John Lavin studied English at the University of Wales, Lampeter, followed by an MA in Creative Writing at the University of Wales, Cardiff. After several years working in the mental health sector he has returned to Lampeter where he is a PhD student. Ros Hudis Ros has been writing since the age of five and published work in her early twenties, but then took a few massive detours down other paths. These included raising a family and spending twenty years working as a professional musician. She finally realised writing was what she wanted to do in life, and after signing up for the MA in Creative and Script Writing at Lampeter, is now back on track. She has two fantastic daughters and lives near Tregaron. David Brundage grew up in Montreal, spent several years writing in New York City, and for the past 32 years has lived in Alberta, Canada, at times as a freelance writer. His poetry has appeared in pensianante de’ saraceni, Paris, and The Fiddlehead, University of New Brunswick, and has been produced and broadcast by CBC radio. David has had ten plays produced. Cross-Canada Writers Quarterly and the Alberta Foundation for the Arts have recognized his short fiction. With his wife Joyce, David lives off grid on forested land north of Edmonton and teaches creative writing for Athabasca University Rhian Thomas - left teaching Secondary English at a Welsh school in South Wales to come home to Ceredigion to study for an MA in English Literature. Enjoys good food, wine and friends as well as spending time growing her own food in the garden. Loves writing fiction, especially children’s literature and short stories. Maj Ikle tree hugging ego worrier that writing on a solar powered laptop is a big fan of writing against the grain despite countless offers she is determined to self publish to destroy the guilty x
Donald McMann is from the north.
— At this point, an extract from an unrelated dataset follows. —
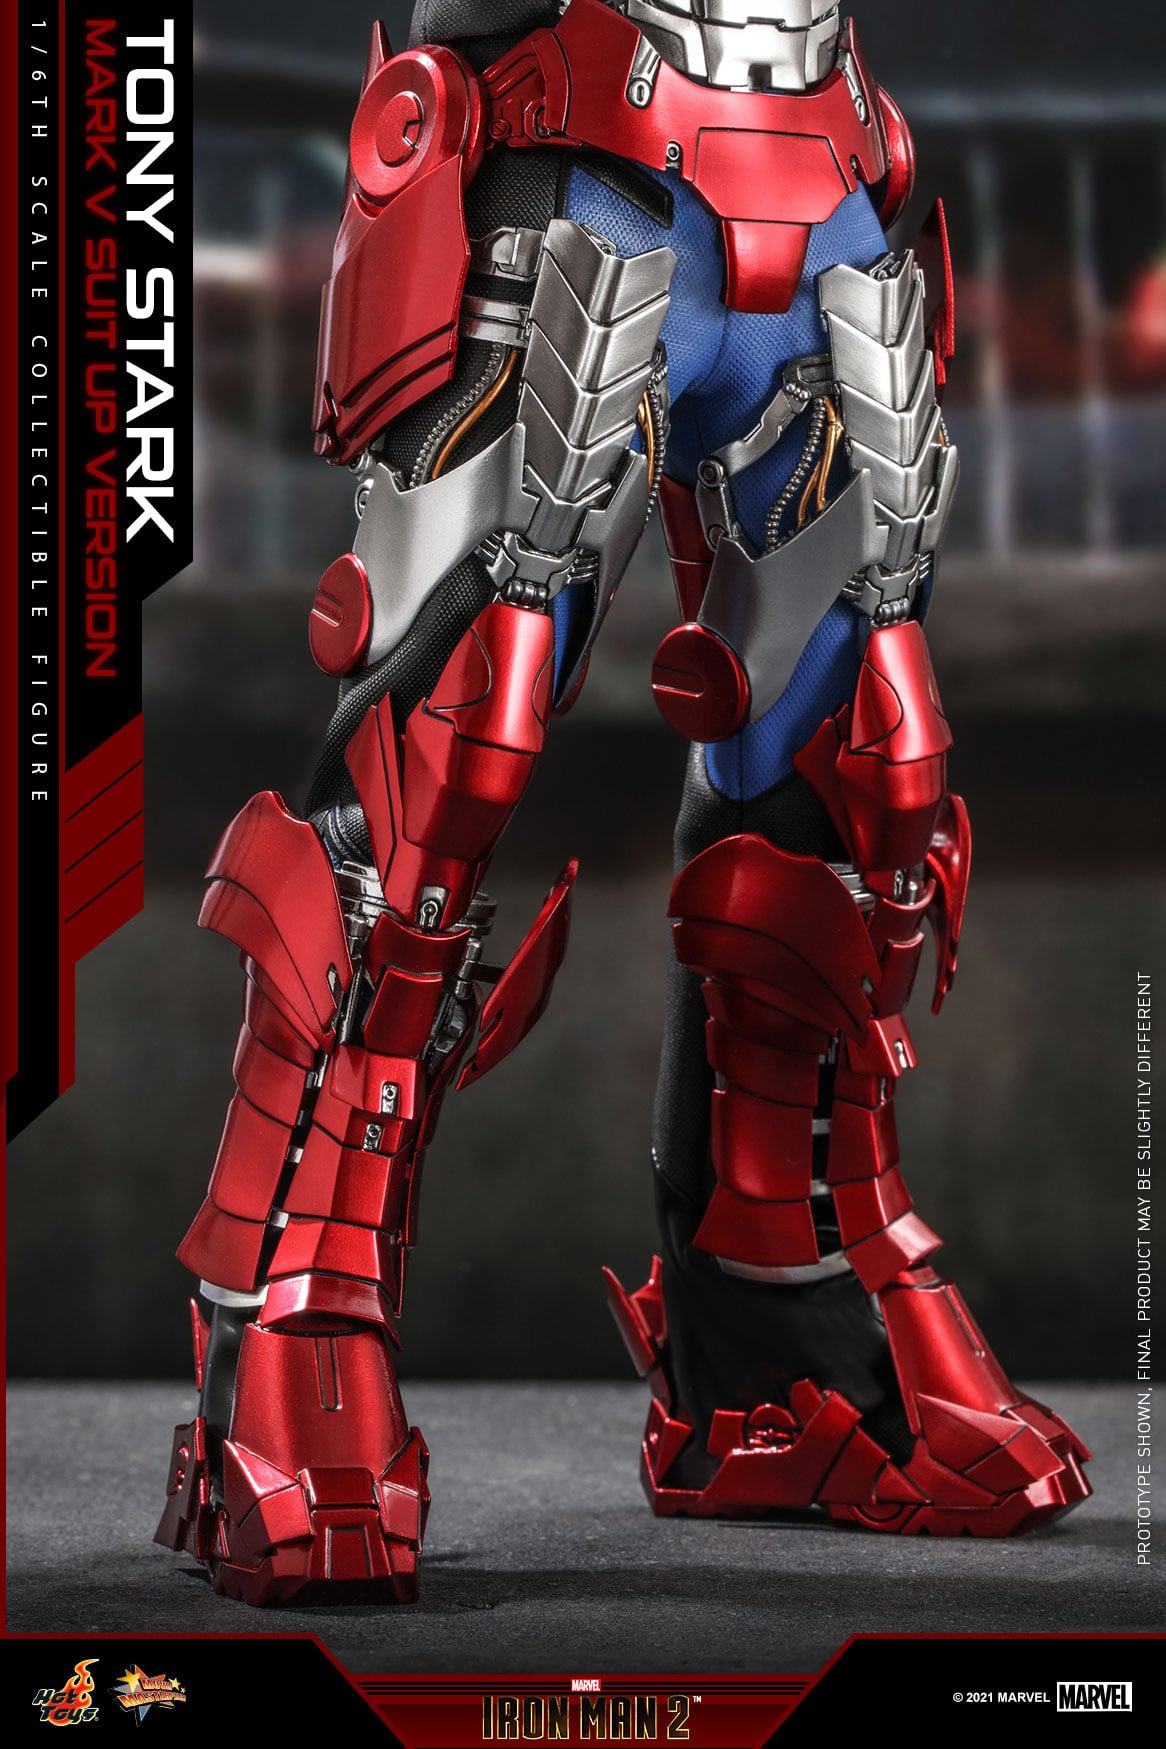 Hot Toys - MMS599 - Iron Man 2 - Tony Stark (Mark V Suit Up Ver.) - Marvelous Toys

No, not Scotland. A different kind of north. Think snow and parkas and hockey. He’s a Canadian completing his PhD in English with the University of Wales, Lampeter. He has a Master of Fine Arts degree from Bennington College in the States. He teaches composition and literature at Grant MacEwan University in Edmonton, Alberta, Canada. Gilly Burke is currently reading an M.A. in Creative Writing at Trinity Saint David, Wales Gillian Eaton, born and raised in Wales, has lived in the USA for the many years where, as well as numerous theatre awards for directing and acting, she has been honored with the prestigious Michigan Artist prize and the Detroit Free Press Award for outstanding contribution to theatre. She has appeared in numerous stage plays, TV shows and films in the US and the UK and has written for the cinema and the stage. Carly Holmes is a 34 year old PhD student, proposing to write a novel for her dissertation. So far, the novel is still at the cerebral stage, as she is a strong believer in sitting back and letting the creative subconscious go to work (preferably with a glass of wine in hand...). She has however managed over 90,000 words in short stories over the last year, and is now gearing up to embark on the long, painful process of getting them all rejected. She is working on her fake smile, to present at dinner parties when asked the inevitable question: “So, have you had anything published yet?” Rob Morgan author of ‘The Black Captain and the Golden Age of Piracy’ reviews and writes for magazines and educational and historical journals in the UK, in Europe and in the USA. His interests are Ukraine, ‘GO’ and Boules.